Nihill – Verdonkermaan

“The title translates roughly along the lines of ‘Darkened Moon’, a fitting impression of the near total absence of light contained within its 43 minutes.” – MacDara gets his TRVE KVLT on with Nihill‘s Verdonkermaan

[iframe width=”400″ height=”100″ style=”position: relative; width: 400px; height: 100px;” src=”https://thumped.com/wp/wp-content/uploads/2012/09/linkcol=4285BB5″ allowtransparency=”true” frameborder=”0″ Verdonkermaan by Nihill]

Music has the power to move, to evoke and elicit strong emotions. When we hear melodies, harmonies and rhythms, they stimulate the chemicals in our brains that make us feel joy, or sadness, or even anger (if you’ve heard any chart radio recently). But does music also have the power to harm? I’m not talking about Elvis shaking his hips and upsetting Fifties squares, or military experiments with infrasonic weapons, but music itself. Can it inflict real wounds upon the psyche? Can it induce existential nausea? I think of the palpable air of menace that envelops the Butthole Surfers’ ‘22 Going On 23‘. I think of Australian death/black metallers Portal, whose other-worldliness invokes a Lovecraftian sense of cosmic horror that’s as alluring as it is stomach-turning.

Dutch avant black metal outfit Nihill profess similar aims. “We exist solemnly for the drive to create a nauseating nightmarish atmosphere,” declared their unnamed spokesman in an 2010 interview, and it’s one they’ve attempted to establish over two albums of bile-drenched coldness, Krach and Grond, liberated from the deep underground by Aaron Turner’s Hydra Head label. Those long-players represented first two parts of a trilogy inspired by the aesthetics of alchemy: from death, to nothingness, to “painful rebirth” – the subject of the third instalment, Verdonkermaan. The title translates roughly along the lines of ‘Darkened Moon’ (feel free to correct me on that, Dutch speakers), a fitting impression of the near total absence of light contained within its 43 minutes.

Opener ‘Vuur: The Deathwind of Resurrection‘ kicks off with a thundering, unrelenting wall of noise. It’s a white castle of fear of a song, swept up in a blizzard of trebly axe-shredding, the blastbeat pounding like battering rams against the stone walls and battlements. But there’s more than just intimidation to Nihill’s master plan, as halfway through comes a slowed-down, churning riff that introduces a significant tonal shift. It’s impossible to tell whether it’s by accident or design – black metal isn’t known for its high fidelity production quality – but the guitar sounds alien, robotic or mechanical even, a stark contrast against the typical pagan, luddite atmospheres of the genre.

Spiral: The Tail Eater‘ takes this shift even further, bearing much more in common structurally with a post-metal dirge. There’s even, dare I say it, a solid bass-driven groove beneath the tormented vocal howls and distorted, static-laden guitars. Such avant (for black metal) tendencies are reined in on ‘Oerbron: Returning to the Primal Matter‘, a blazing slice of old school trve kvlt – that is, until it suddenly collapses upon itself with a chaotic middle section not a million miles away from the free noise jams of early Sonic Youth. It’s remarkable, too, that the transition from form to formlessness and back again is virtually seamless, and it feels much shorter than it’s nine-plus minutes.

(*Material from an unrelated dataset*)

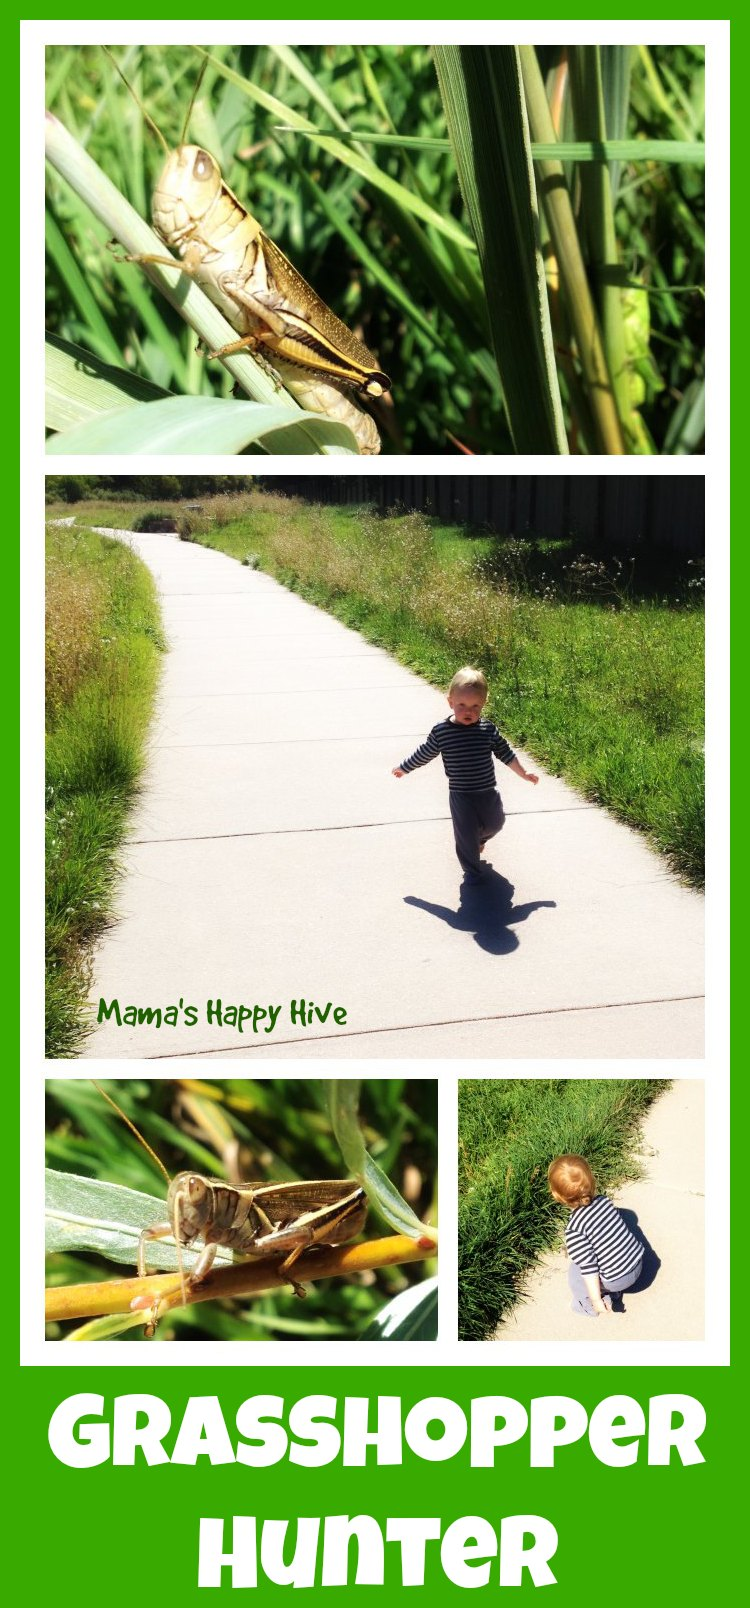 Grasshopper Hunter - www.mamashappyhive.com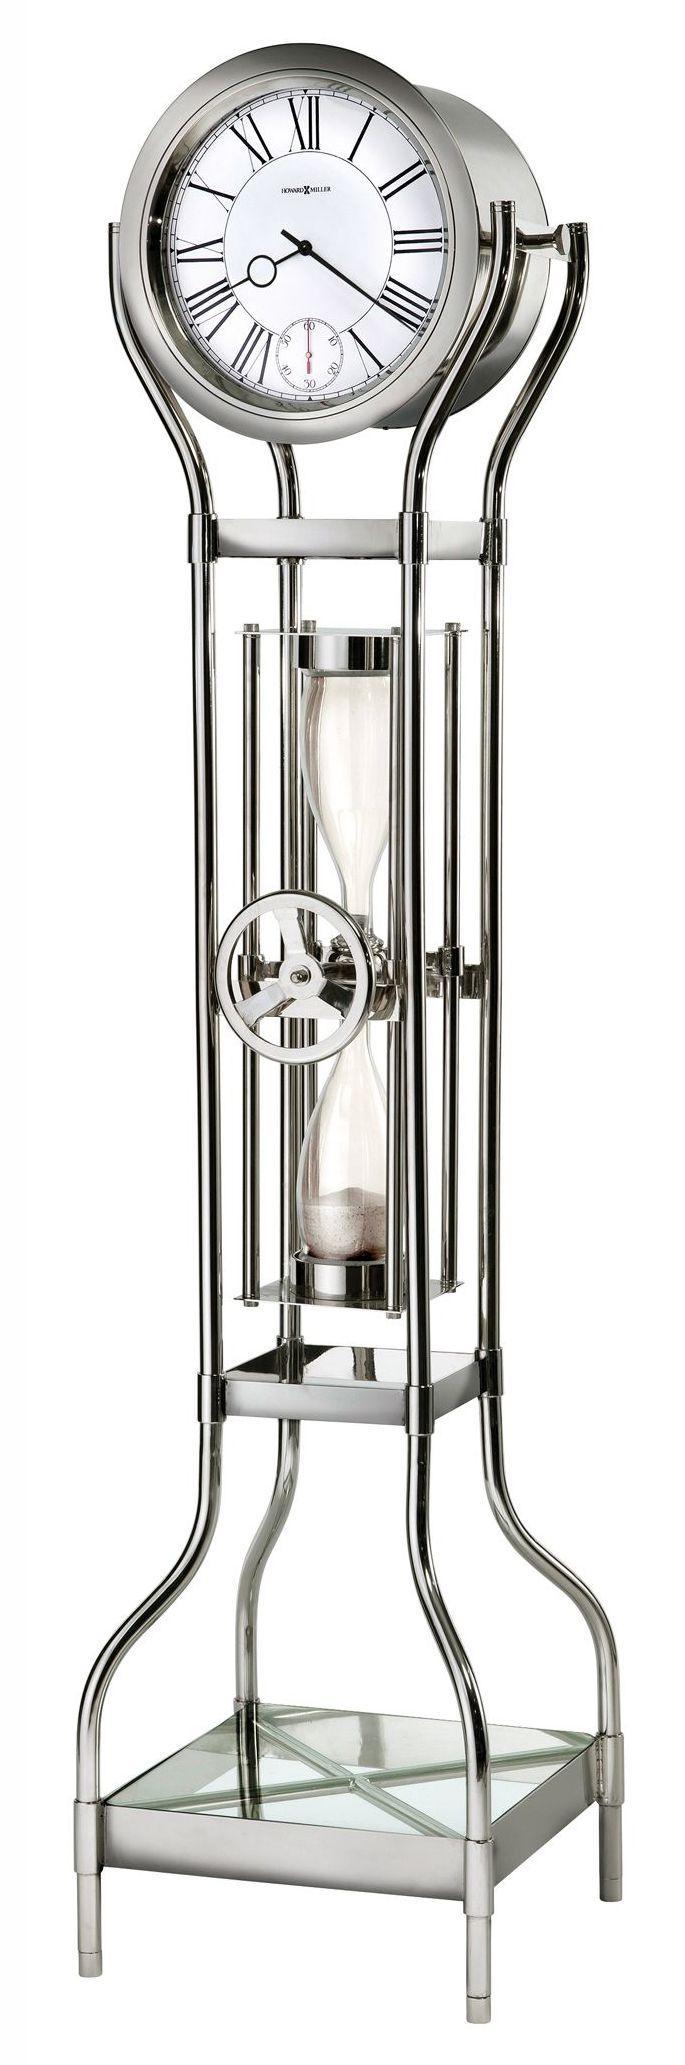 Howard Miller 615-100 Hourglass II  (Аургласс II) - фото 1

It’s followed by ‘Gnosis Pt IV‘, to me the most interesting chapter in this collection, in its distilling of black metal’s misanthropic nihilism to the bare minimum: no more than whispered back-masked chants adrift in a windswept void, absent of any structure to hold on to. It’s the closest Nihill get on this record to the profound occult mystery of Portal. Then they change the rules again with the album-closing blackened doom of ‘Trauma: Crushing Serpens Mercuriales‘, completing the trilogy on a solidly back-to-basics note.

Overall, Verdonkermaan is a work to be greatly admired amid a prolific period for boundary-pushing efforts in black metal. In other words, it’s great stuff. But does it have the power to harm? Is there ‘diabolus’ in Nihill’s ‘musica’? Maybe I’m inured to its effects, but it didn’t leave me with the nightmares I expected. That’s probably not the news the band wants to hear, if they even care about such trifling mortal matters.